Data under study:
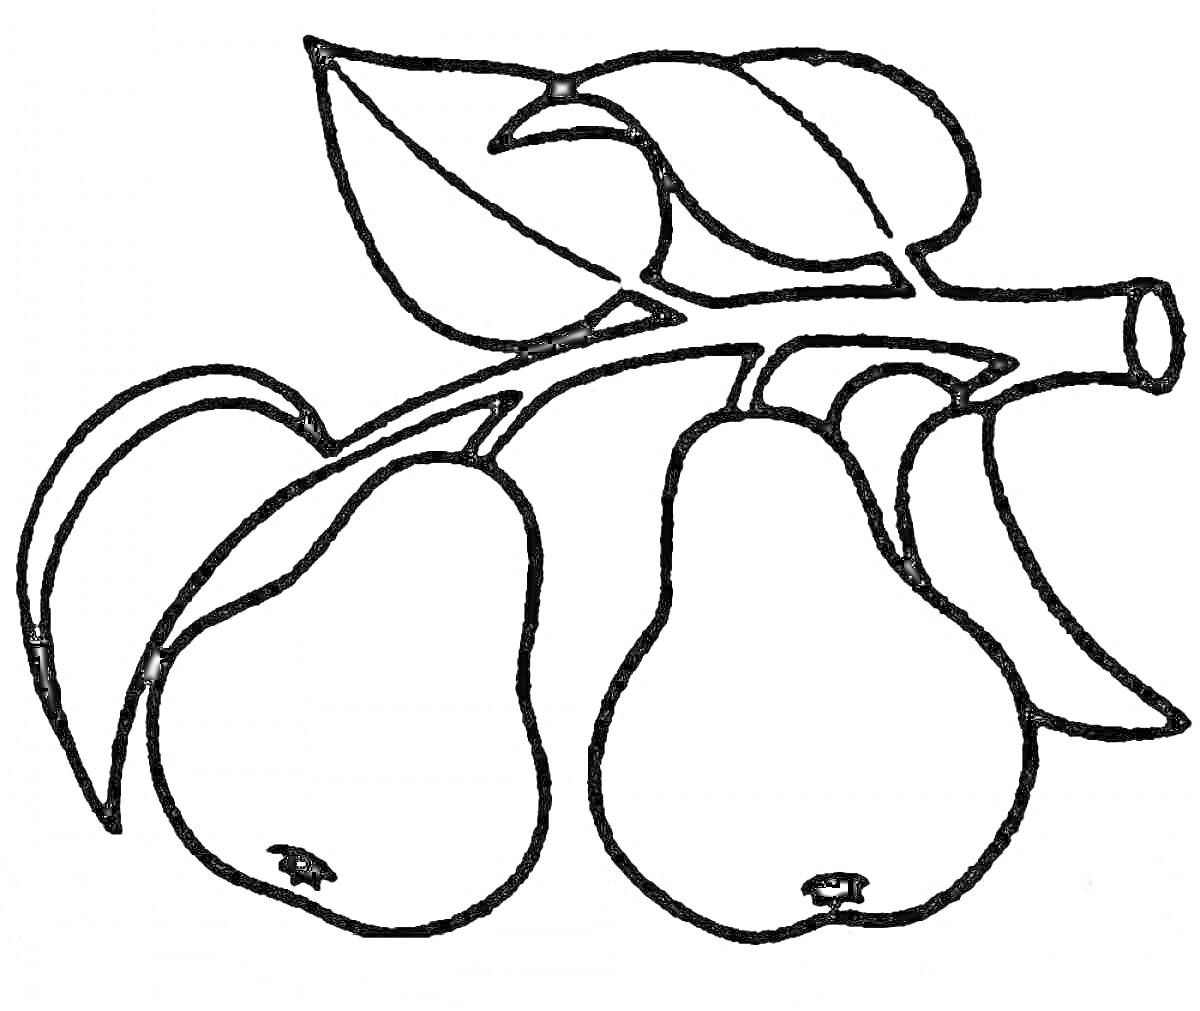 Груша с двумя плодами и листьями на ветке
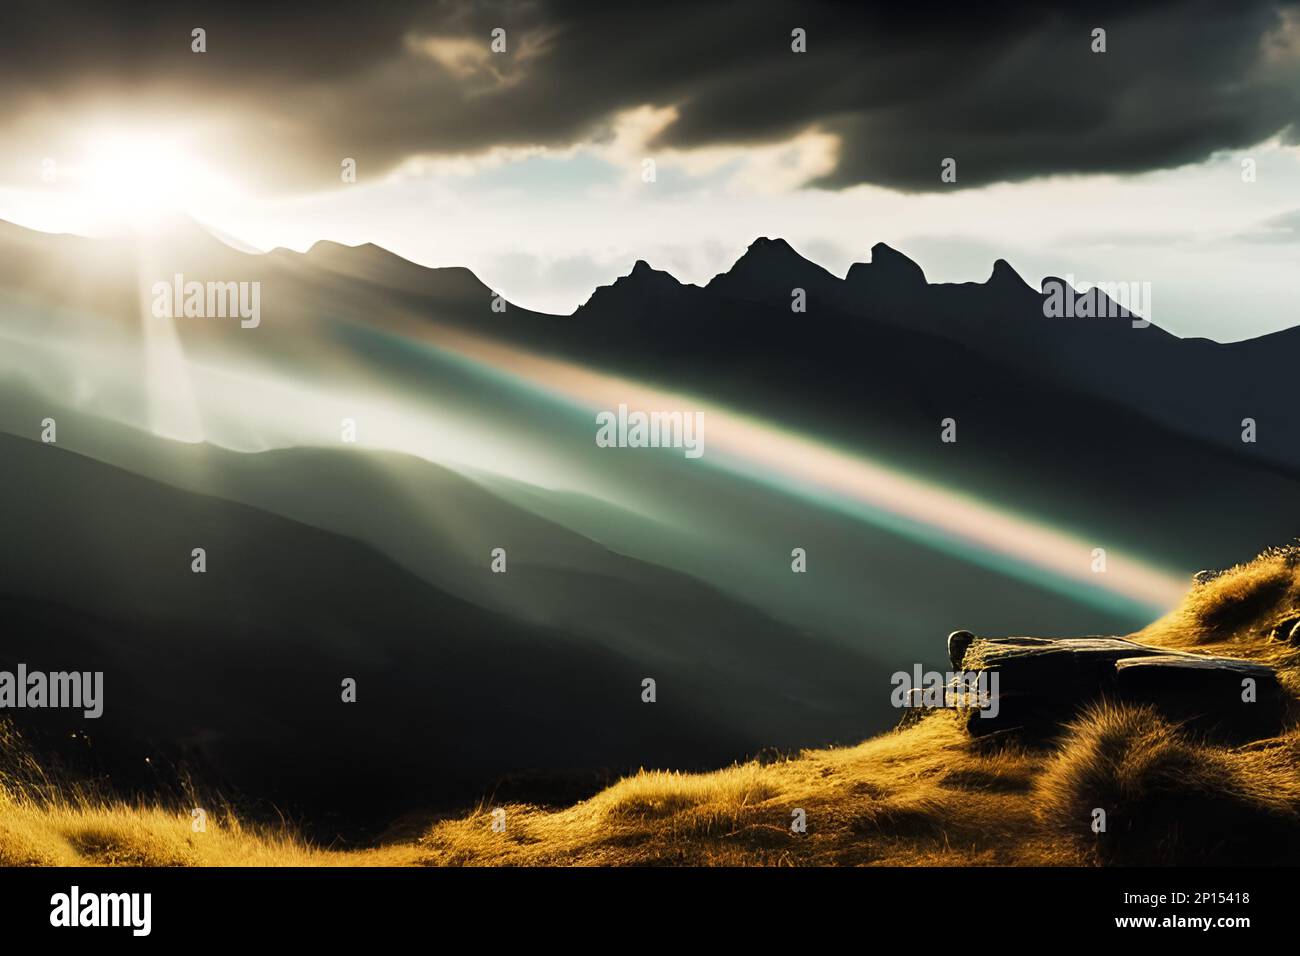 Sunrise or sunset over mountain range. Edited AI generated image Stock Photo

--

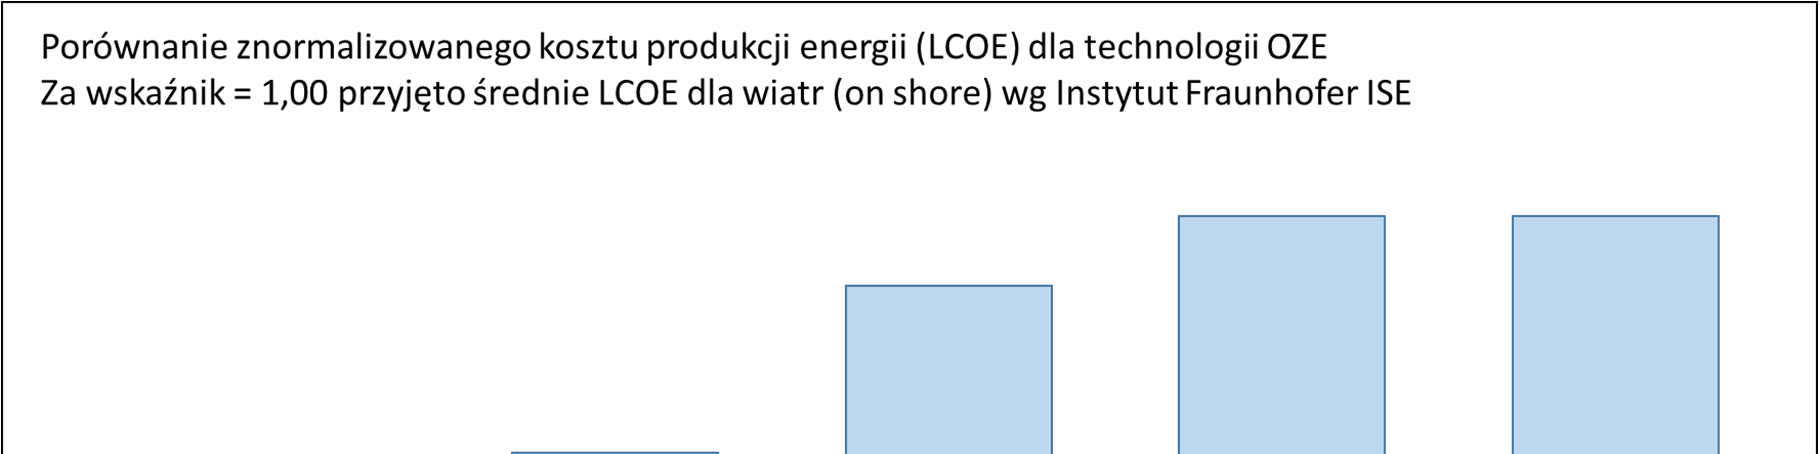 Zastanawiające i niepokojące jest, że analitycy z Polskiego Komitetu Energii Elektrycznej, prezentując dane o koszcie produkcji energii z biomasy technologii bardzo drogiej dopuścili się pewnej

Activity: Each line between the one holding "Груша с двумя плодами и листьями на ветке" and the one holding "Sunrise or sunset", inclusive, should be copied exactly as it appears above, and pictures should be omitted.

Exercise answer:
 Груша с двумя плодами и листьями на ветке
 Sunrise or sunset over mountain range. Edited AI generated image Stock Photo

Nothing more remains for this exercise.